Åge Hadler (born 14 August 1944) is a Norwegian orienteering competitor, winner of the 1966 and 1972 individual World Orienteering Championships, relay champion from 1970, and individual bronze medalist from 1968.

==Early life and career==
Hadler was born in Bergen as the son of Aage Hadler and Ruth Karin Rosendahl. He married fellow orienteer Ingrid Thoresen in 1968. His first sports club was Bergens Turnforening. He studied at the University of Oslo, and graduated as cand.real. degree in 1970.

==Sports career==
Hadler had his breakthrough in competitive orienteering in 1966. He participated at the very first World Orienteering Championships, which were held in Fiskars, Finland, 2 and 3 October. Here he won the first individual World Champion title in men's Orienteering. The individual course had 11 controls over 14.1 kilometres. Hadler won the competition with a margin of 2 minutes and 45 seconds before Aimo Tepsell from Finland, who placed second. Anders Morelius from Sweden placed third in the individual race. Hadler participated on the Norwegian relay team together with Dagfinn Olsen, Ola Skarholt and Stig Berge, and won a bronze medal behind Sweden and Finland. Hadler married fellow orienteer Ingrid Thoresen 17 August 1968. They both qualified for the World Championships, which were held in Linköping, Sweden, 28 and 29 September. Hadler won a bronze medal in the individual course, and also a bronze medal in the relay. His wife Ingrid won a silver medal in the women's individual contest, and a gold medal in the relay. Hadler became individual Nordic Champion in Orienteering in 1969. In 1970 the World Championships were held in Friedrichroda, in the Democratic Republic of Germany, from 27 to 29 September. Hadler placed 8th in the individual contest, which was won by Stig Berge. The relay was won by the Norwegian team, which consisted of Hadler and Ola Skarholt, Stig Berge and Per Fosser. His wife Ingrid won gold medal in the individual course at the women's World Championships. In 1970 Hadler published the book På tvers av stiene. Med giftering, kart og kompass, as co-author along with his wife Ingrid Hadler. In 1971 he became individual Nordic Champion for the second time. The 1972 World Orienteering Championships were held in Staré Splavy, Czechoslovakia, from 14 to 16 September. Hadler won the individual contest before Stig Berge, his second individual gold medal at the World Championships.

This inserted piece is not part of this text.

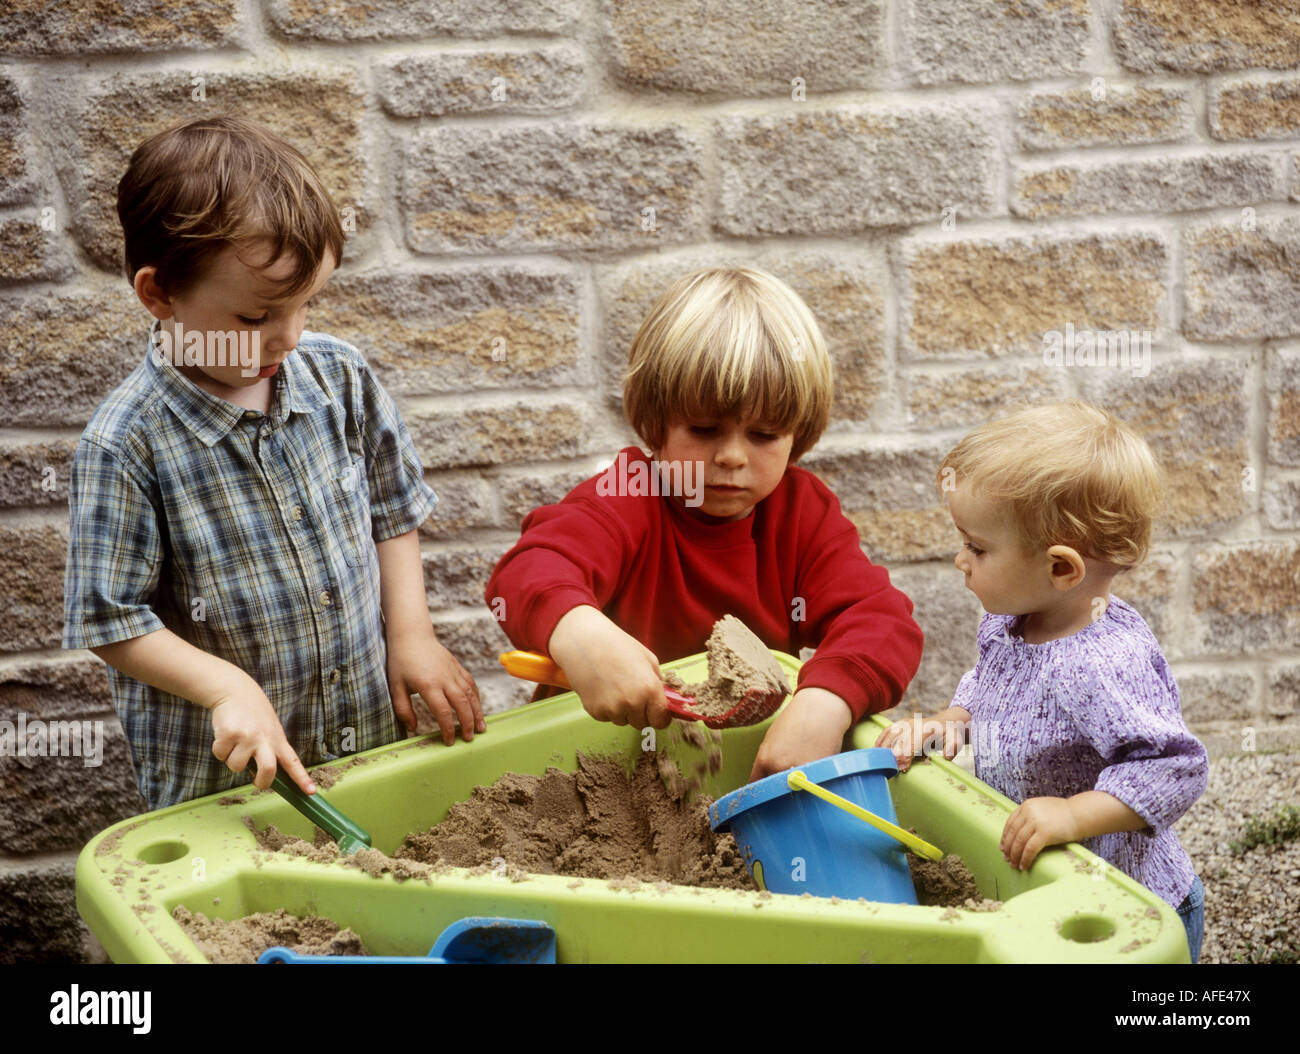 Kleine Kinder spielen mit einem Kunststoff Spaten und Containern in einem Sand Tablett Stockfoto

Hadler won eight individual National Championships from 1966 to 1975. He is honorary member of the sports club IL i BUL.

==Later career==
Hadler was appointed as a research worker at the institution Fondet for markeds- og distribusjonsforskning in 1971, and served as manager from 1976 to 1986. He was appointed at the Norwegian Mapping Authority from 1986. He is currently serving as a communication advisor.